Arbitration and judicial settlement – international adjudication by arbitration or judicial settlement is distinguished from the other dispute settlement mechanisms already described by several important characteristics. The critical differences are found in the role of the third party judges or arbitrators who sit above rather than between the parties, the process of decision making according solely to legal and not political criteria and the result and effect of decisions binding upon the parties and having a potential influence on the development of the law.
States have preferred to utilise these judicial mechanisms over other traditional systems of inter state dispute settlement such as mediation or conciliation and the engagement by a range of courts with environmental questions suggests that adjudication is a popular option for dealing with such disputes  . However when a broader view is taken it becomes apparent that there is a strong trend away from inter state dispute settlement systems altogether in favour of treaty based institution such as NCPs which are more administrative than judicial. The effect of this is to introduce a degree of imbalance in international governance arrangements for environmental matters.  While there is a range of limitations to any court engaging with environmental issues, courts provide a modality for disinterested dispute settlement where public recognition.  This fact is recognised the world over in domestic settings, where courts are increasingly charged with upholding environmental laws and regulation. This means that for all the virtues of new approaches to managerial types of dispute settlement there remains a role for judicial determinations of international environmental question.
After going through the principal of state responsibility and inter-state dispute settlement the researcher come to the conclusion that state responsibility is a well established principle of international law, and it’s recognised under article 1 of the ILC Draft article on state responsibility. No single instrument sets forth generally applicable international rules governing state liability for environmental damage, although the international law commission and some regional organisation have prepared draft instruments to establish rules of general application. The rules concerning the liability of states for environmental damage, such as they exist, must be considered by reference to treaties, under customary international law, or bye operation of general principle of law.

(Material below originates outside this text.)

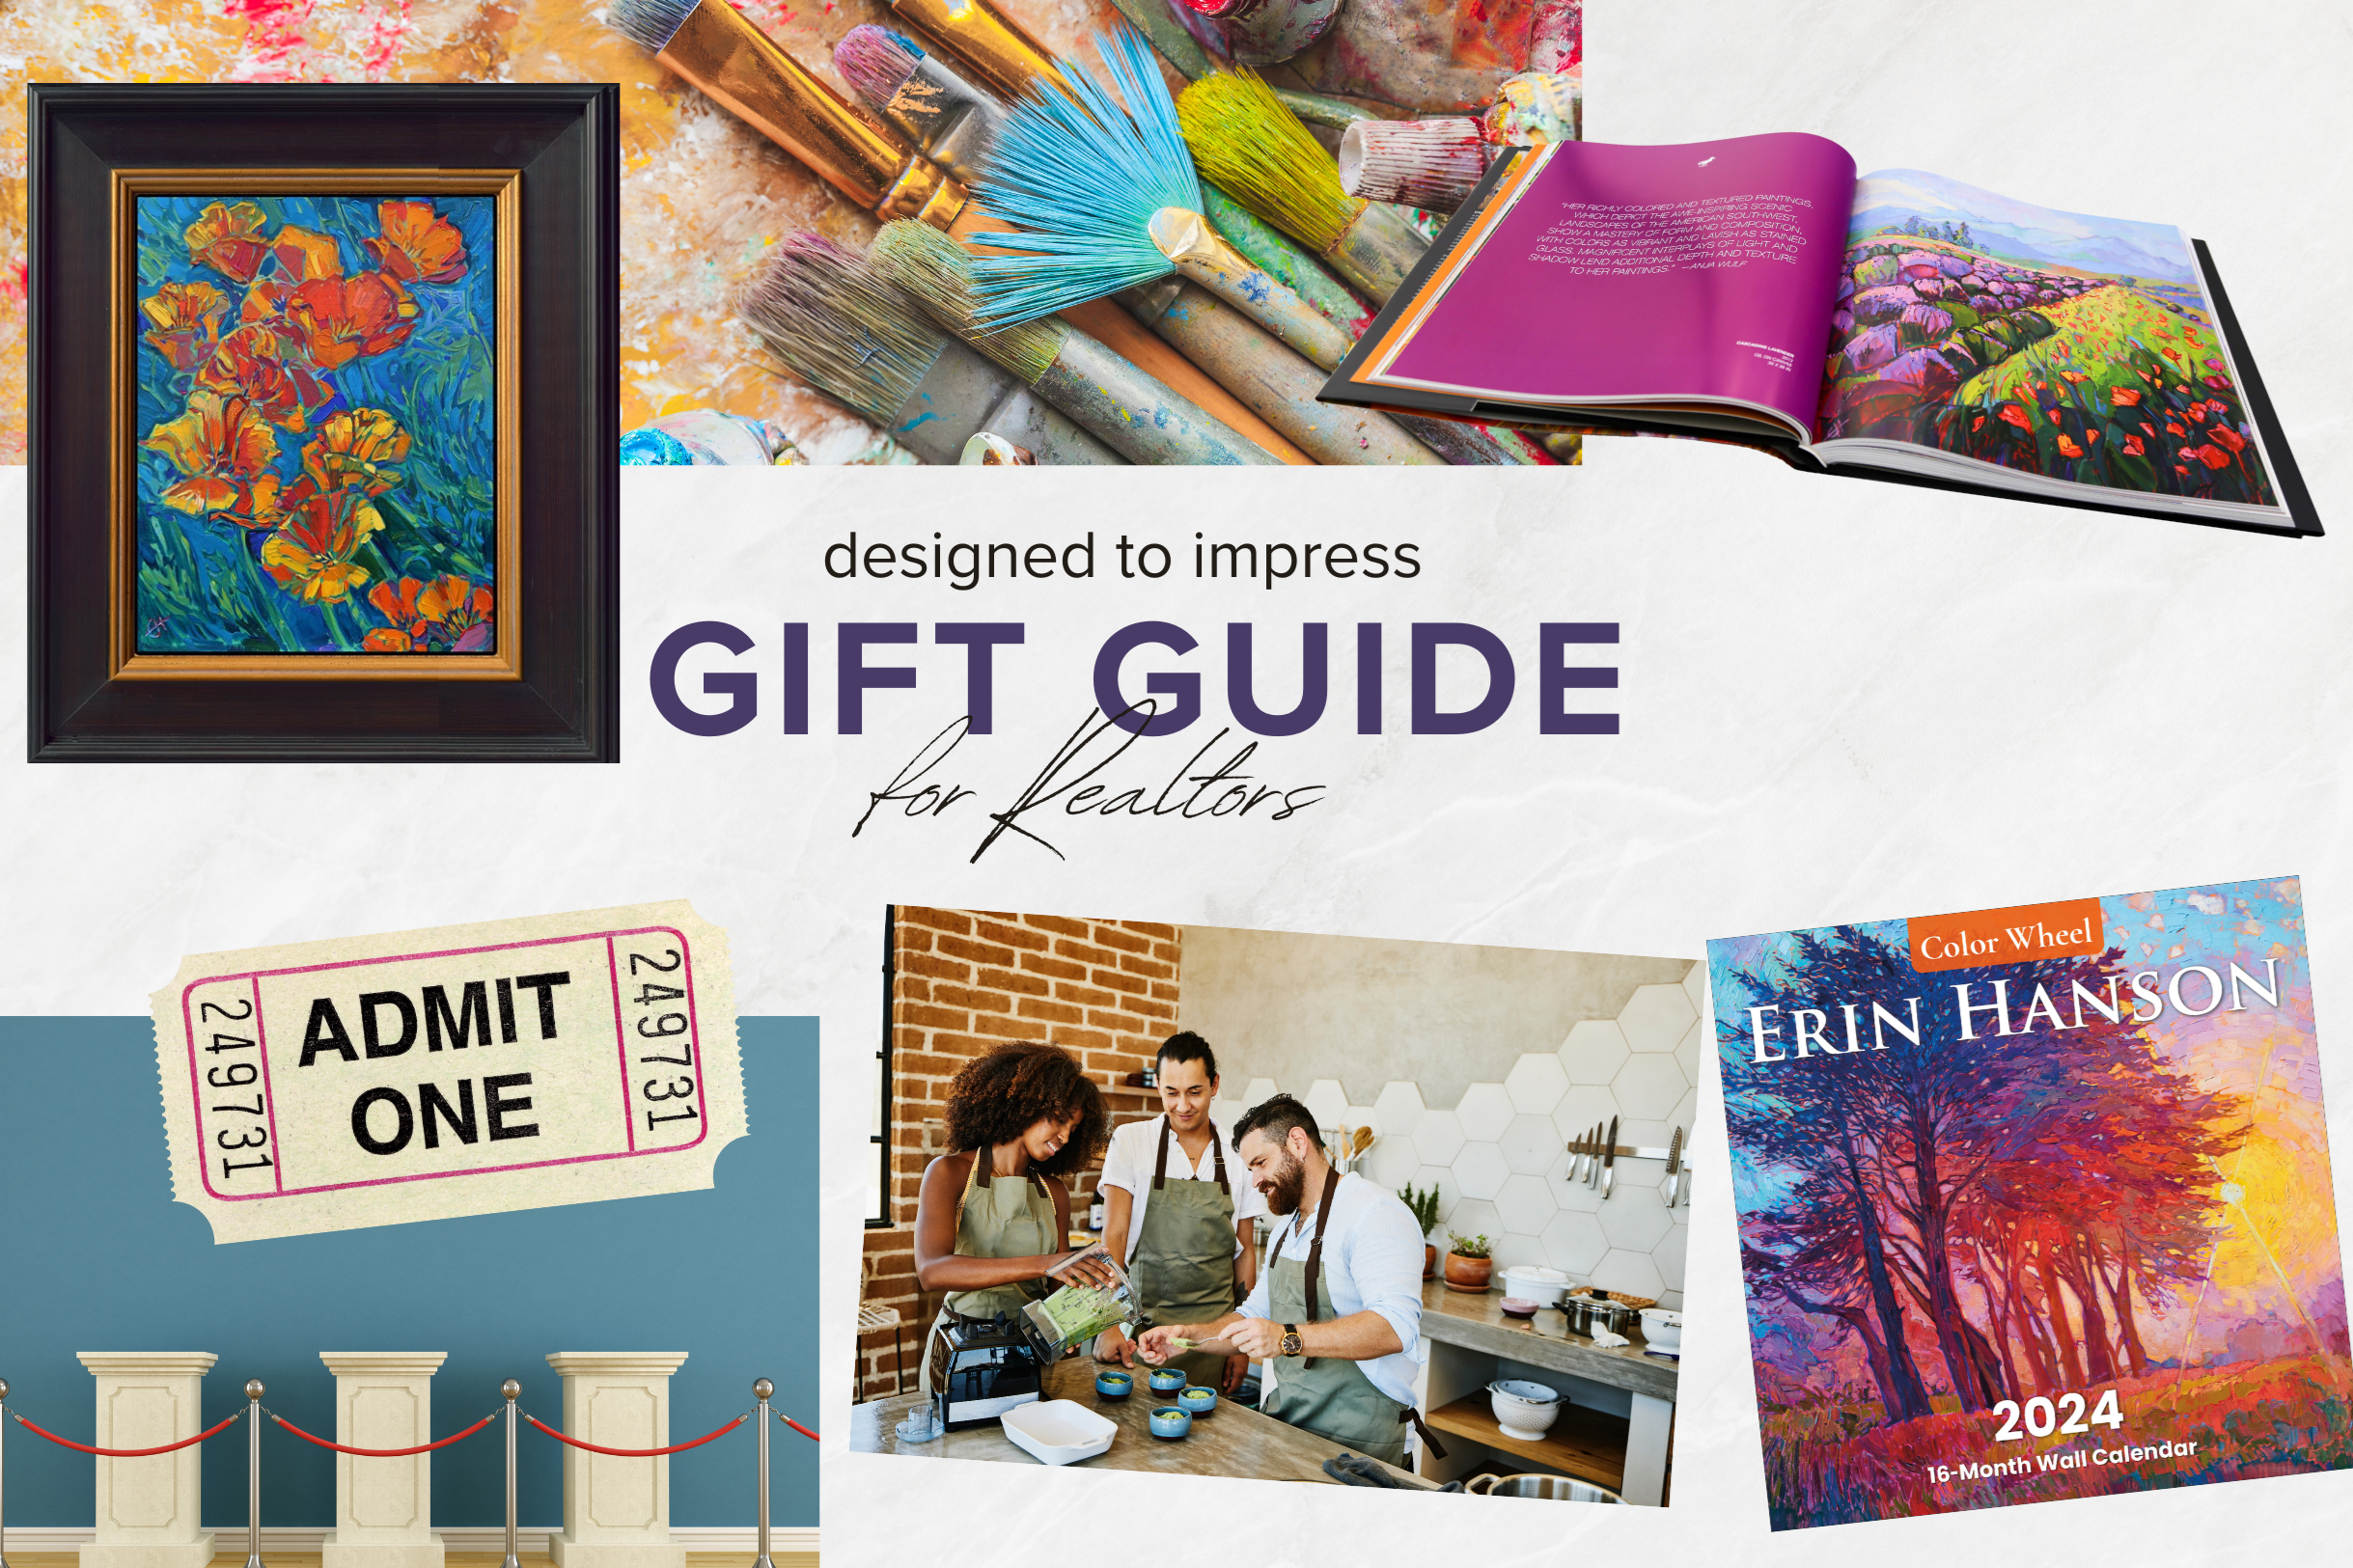 15 Art-Related Closing Gift Ideas for Realtors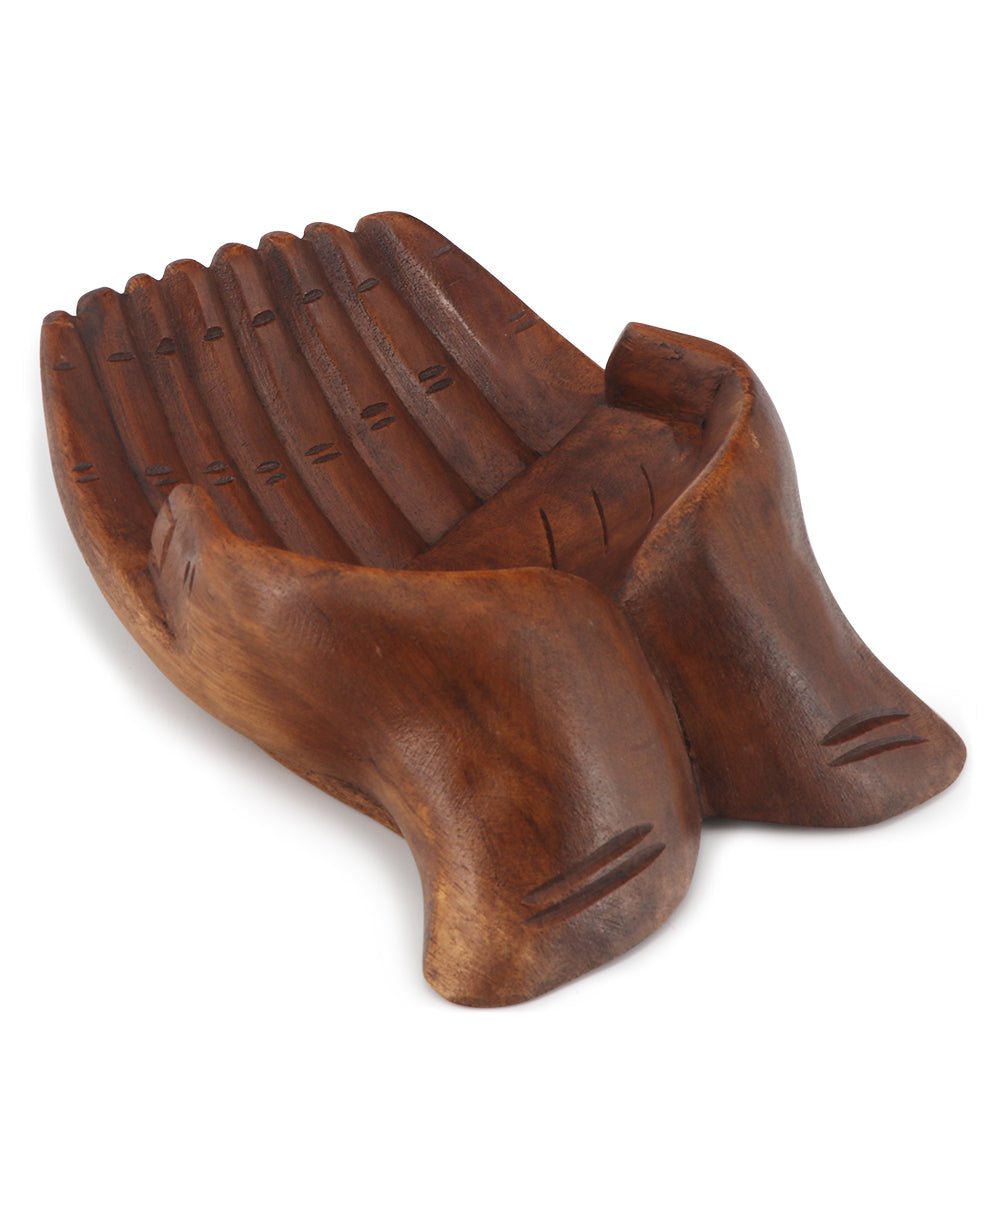 Giving Hands Wooden Statue and Display Bowl – Buddha Groove

The rules of international law governing liability for environmental damage must still be considered to be in their early phases of development, particularly in relation to rules of state liability. States remain reluctant to put in place rules which have the potential to impose significant constraints on the conduct of potentially hazardous activities, as well as being aware of significant costs to the public sector. And inter state dispute settlement systems tend to be process oriented, in promoting peaceful relations regardless of the outcome, rather than goal oriented, in seeking to achieve a substantive improvement in compliance.